I am actually looking for a term, I have googled for like past couple of hours and I had no luck so far.
So there exists a thing called, minimum vertex cover which implies " a set of vertices such that each edge of the graph is incident to at least one vertex of the set".
I'm looking for a similar concept only slightly different to the original, it is to find a set of vertices such that the set covers all of the vertices in a graph regardless of each edge is covered or not without any duplicates
For example:
Graph: 
Solution: 
So the solution isn't a minimum vertex cover since all edges aren't covered, however the set of vertices do cover every other vertex in the graph without any overlaps/duplicates.

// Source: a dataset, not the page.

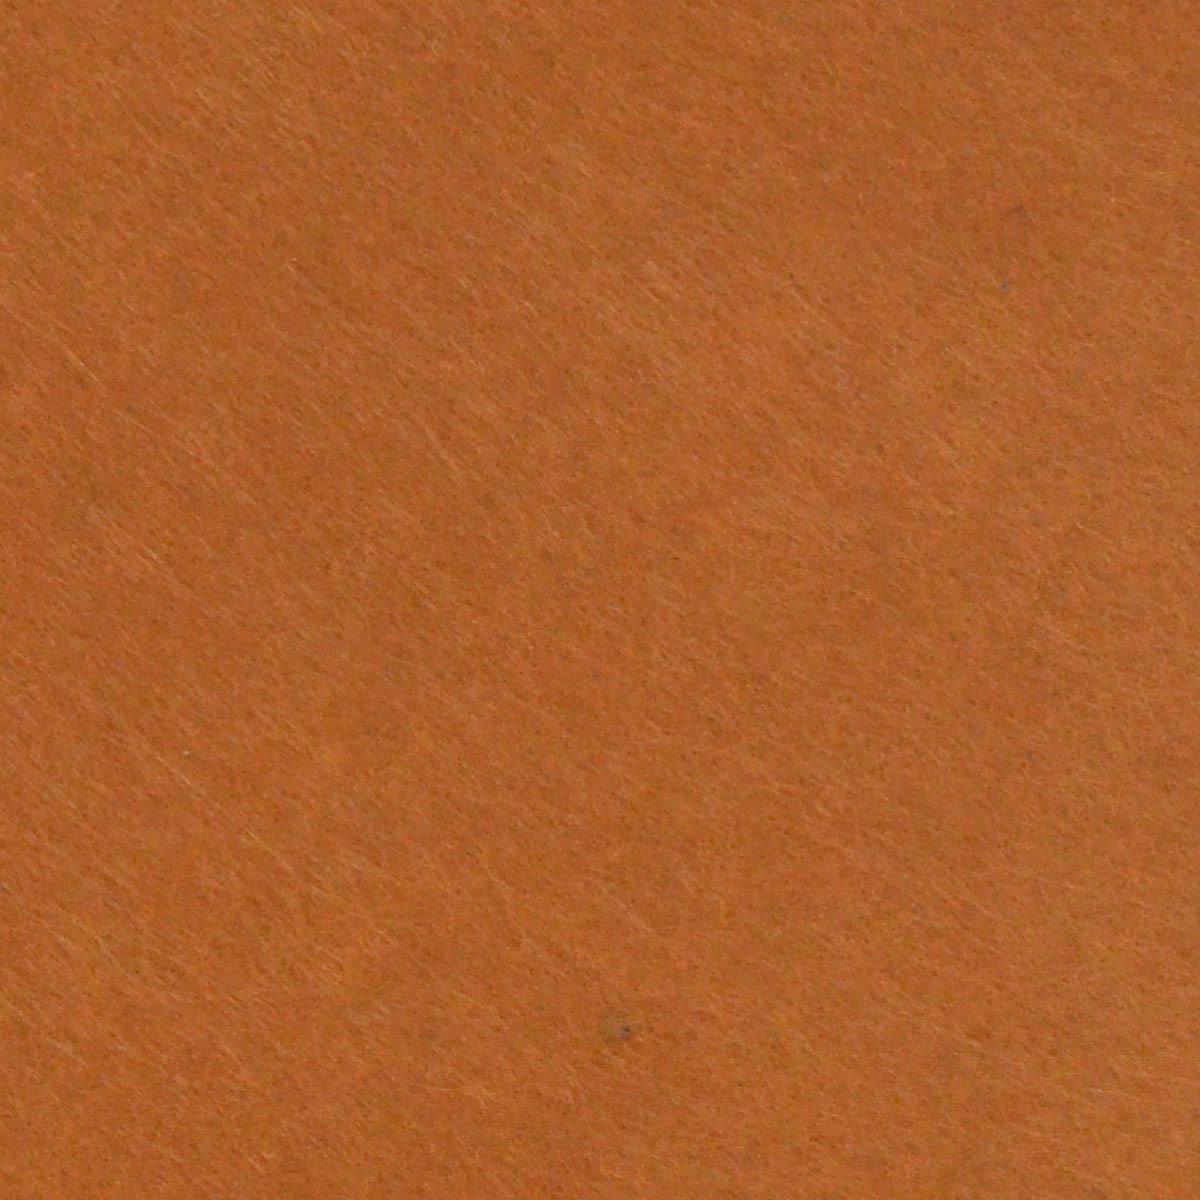 Набор Фетр жесткий, коричневый, 21*30см (10л)

Edit credits to angryavian for a more concise question of my initial query:
Phrased another way: you want a minimal subset of vertices S such that the union of their neighborhoods is all the vertices, and moreover the union is a disjoint union?
Best Answer
A set of vertices whose (closed) neighborhoods partition $V(G)$ is called a perfect code (sometimes also an efficient dominating set). See for example Chapter 4 in this book.
The term was first introduced here, extending the notion of perfect codes from coding theory. In general a perfect $d$-code in a metric space is a covering with disjoint balls of radius $d$. In graphs the metric is just the usual distance, so balls of radius 1 are the same as neighborhoods $N[v]$ of vertices. In coding theory the vertices would correspond to words and the distance is for example Hamming distance; the idea is that if you select a vertex in the perfect code, then even after making one step in error, you will always be able to recover it (in a unique way).

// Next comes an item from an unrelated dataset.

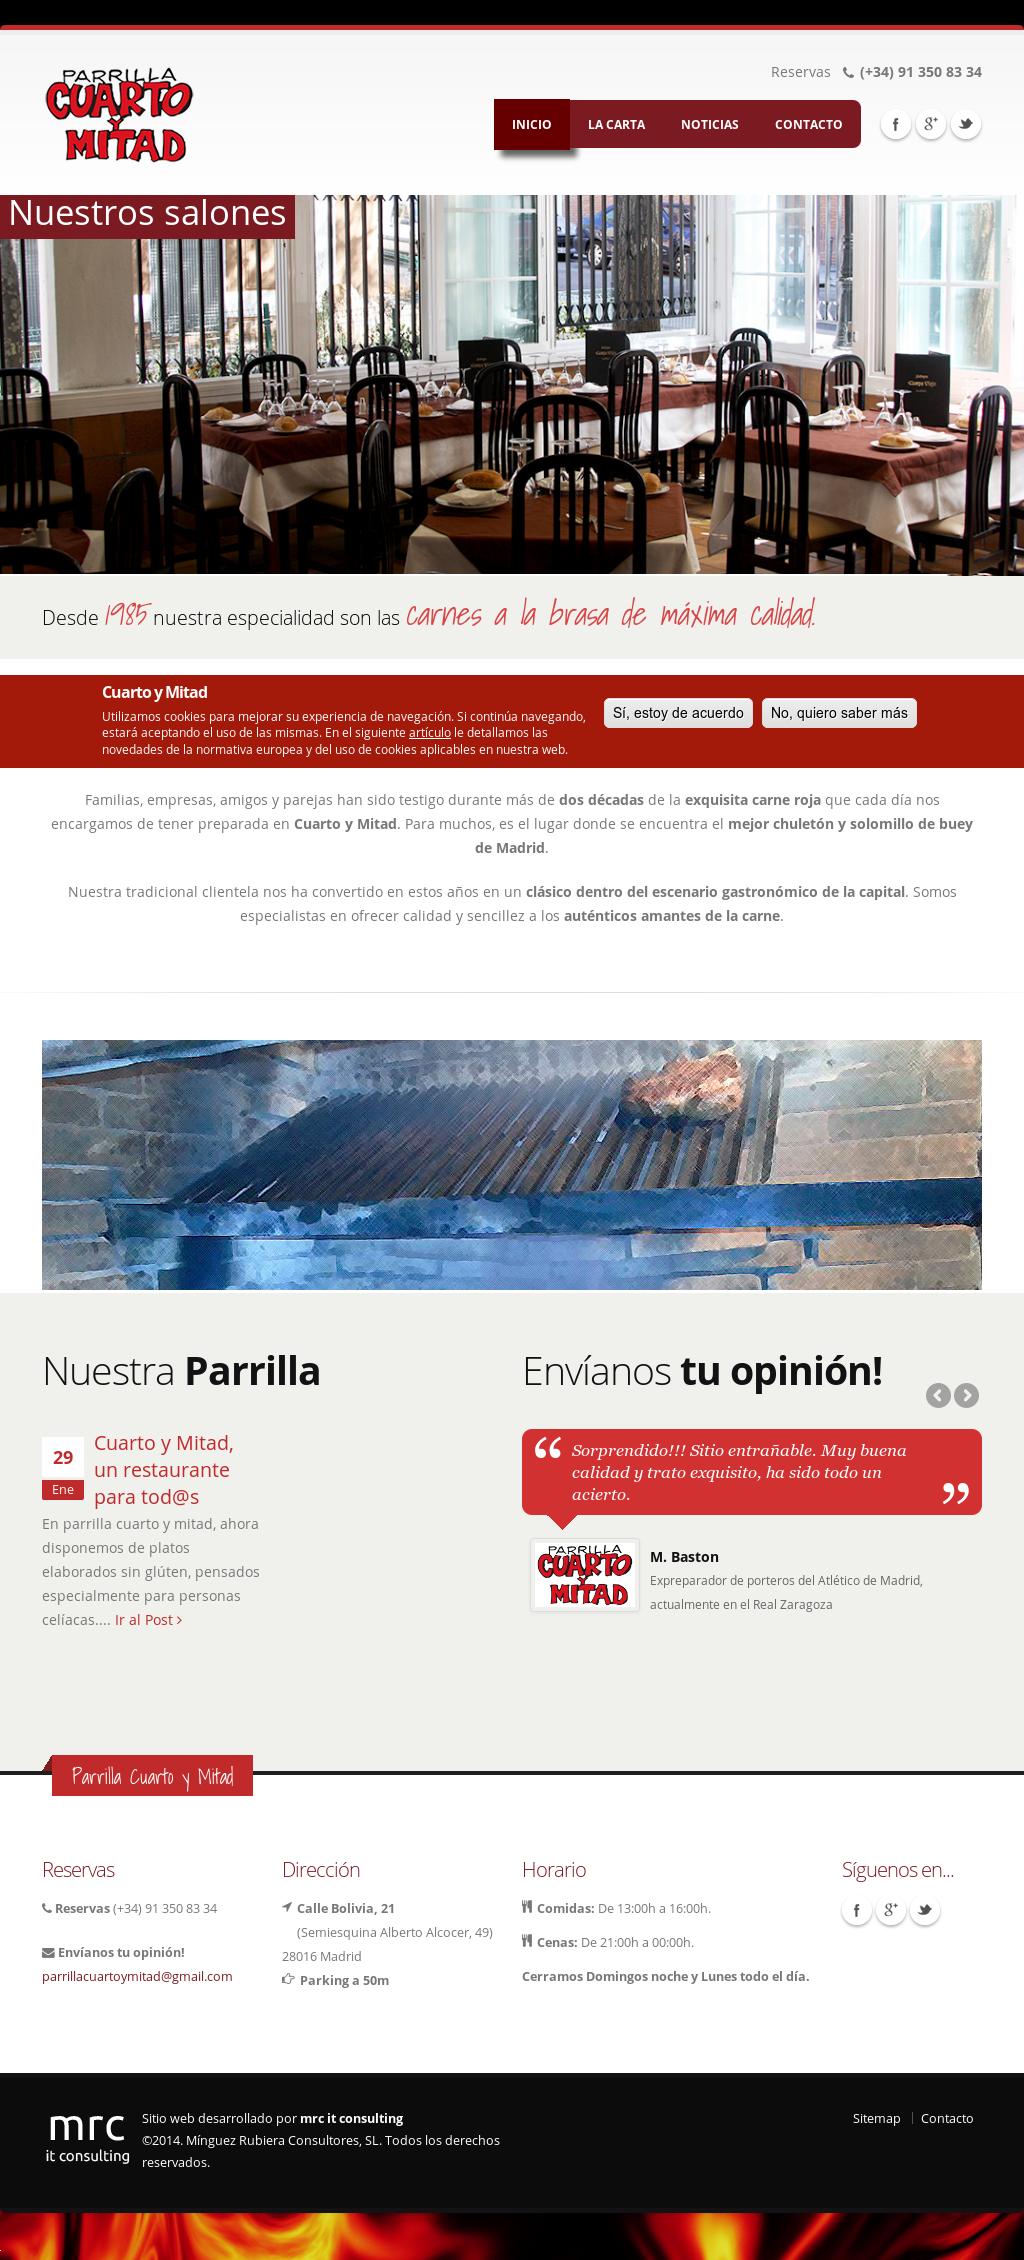 Parrilla Cuarto Y Mitad Competitors, Revenue and Employees ...

Perfect codes are always independent sets (no two elements are adjacent) and dominating sets (their neighborhoods cover everything). Deciding whether any perfect code exists in a given graph is NP-hard, even in planar graphs (Theorem 4.4 in the book). If there is one, then all perfect codes have the same size (Theorem 4.2).
However, note that in the Lights Out puzzle you cite you don't actually need a perfect code. You need a set of vertices $S$ such that every vertex is included in $N[v]$ for $v \in S$ an odd number of times (instead of exactly once). The condition can be phrased as a system of linear equations over $\mathbb{Z}_2$, which can be solved in polynomial time! See for example here.